After that first show at Buckley Stadium, the event moved to the middle school stadium, making it more of a neighborhood event. As always, parents and family members arrived early Thursday with chairs and blankets to fill the home side stadium.

Each grade level, dressed in grade-specific colored T-shirts, took turns running onto the field to perform their piece.

The school’s step team opened the event and the fifth-graders split their section by gender with a girls’ dance to “Can’t Stop The Feeling” and a boys’ dance to “Turn Down For What.”

The show ended with a finale with all grade levels – pre-kindergarten through fifth grade – on the field for “Remix Shuffles.”
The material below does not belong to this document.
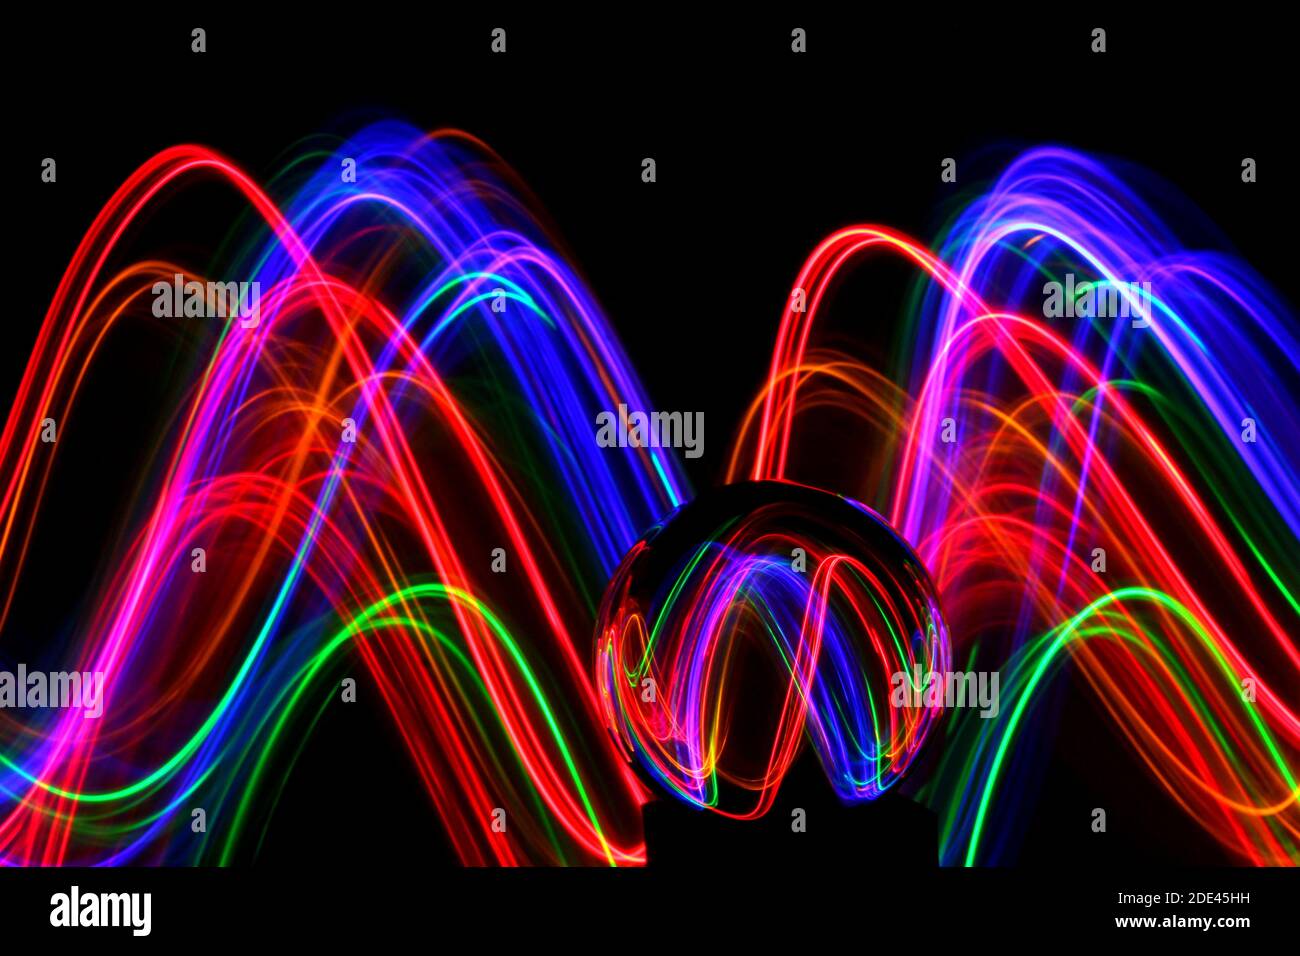 Long exposure photograph of neon multi colour in an abstract swirl pattern with reflective glass ball. Light painting photography. Stock Photo
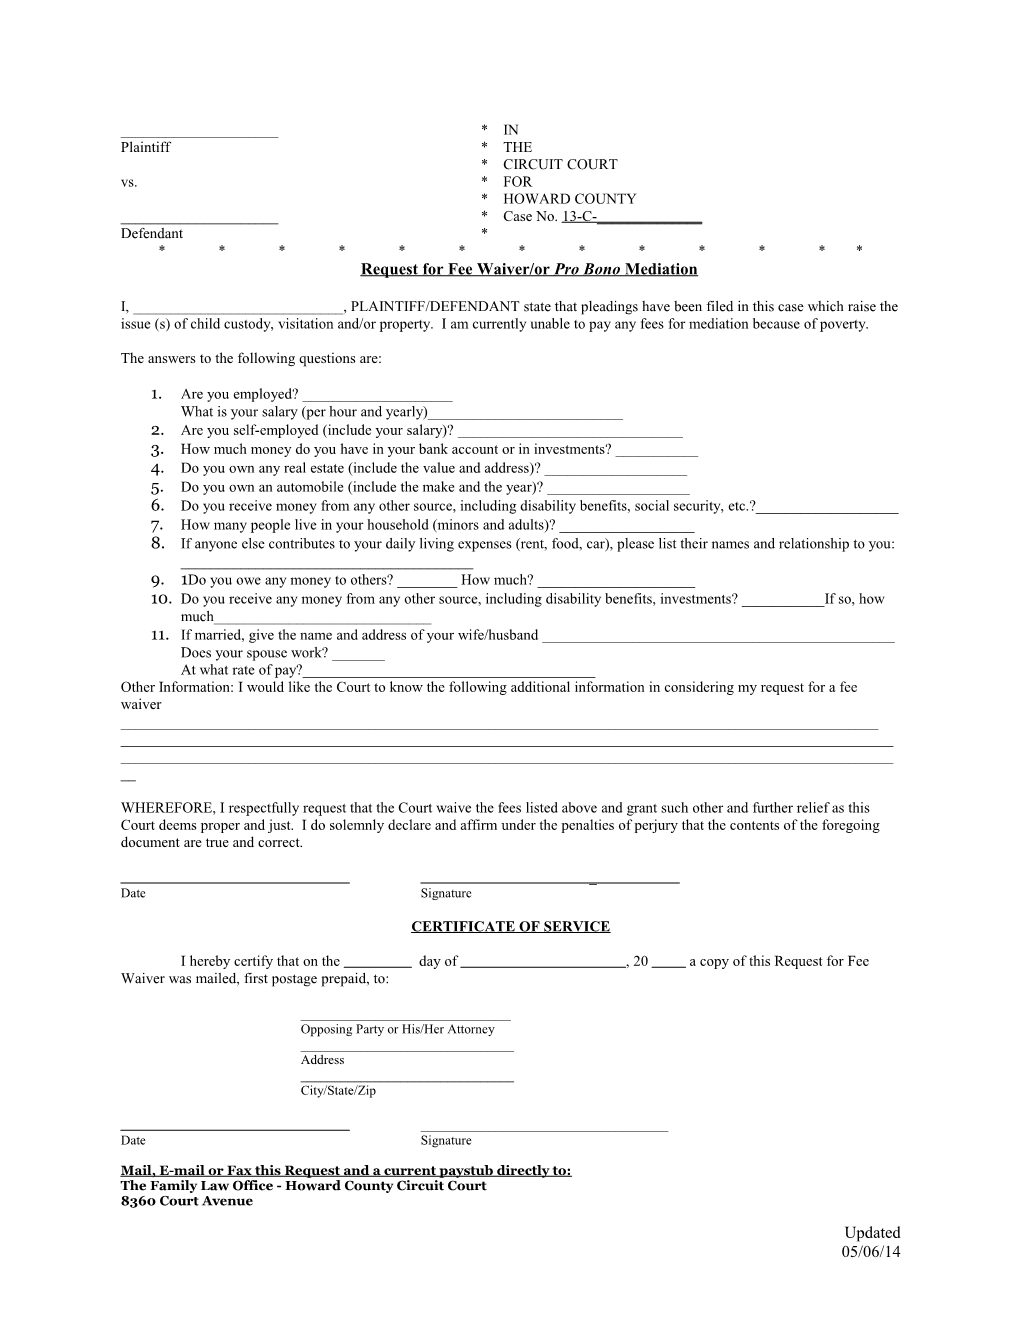 Request for Fee Waiver/Or Pro Bono Mediation

Several teachers acknowledged that the event was a cherished tradition that students look forward to and that works to bring families together.

Fifth-graders performed in the dance for the final time and some said they looked forward to coming next year to support younger siblings.

“It’s my last one with my friends,” said Kaven McKinnon, wearing the fifth-grade dark blue as he readied to take the field.

“I think it’s fun to watch other people dance,” he said. “I can dance and our group can dance, but it’s the other people that make it fun.”

Fifth-grader Kennedy Smith said she was excited to be part of the school tradition and said she planned to watch many more involving her younger sister.

“Every grade does a different dance, and we all do the final,” she said. “We’ve been doing it a long time the same way.”

In the weeks leading up to the show, music teachers and PE teachers work together to teach the music and the movements.

“We work in PE the week before to practice,” Smith said. “No one knows how at first, but we learn together. I don’t get nervous, because I always dance. It’s fun.”

Third-graders used buckets with sticks like drums in their dance to the song “Chainsaw.”

Third-grade teacher Samantha Thompson was new to the experience last year and agreed with her students and colleagues that it is a highlight in the year.

“We look forward to it,” she said. “They get so excited. The kids collaborate on the dance together and everyone cheers each other on. This is something they do not want to miss.”

Interacting with her students, Thompson pointed out, “they still know their dance from last year. They wear the T-shirts to school. There is a lot of pride.”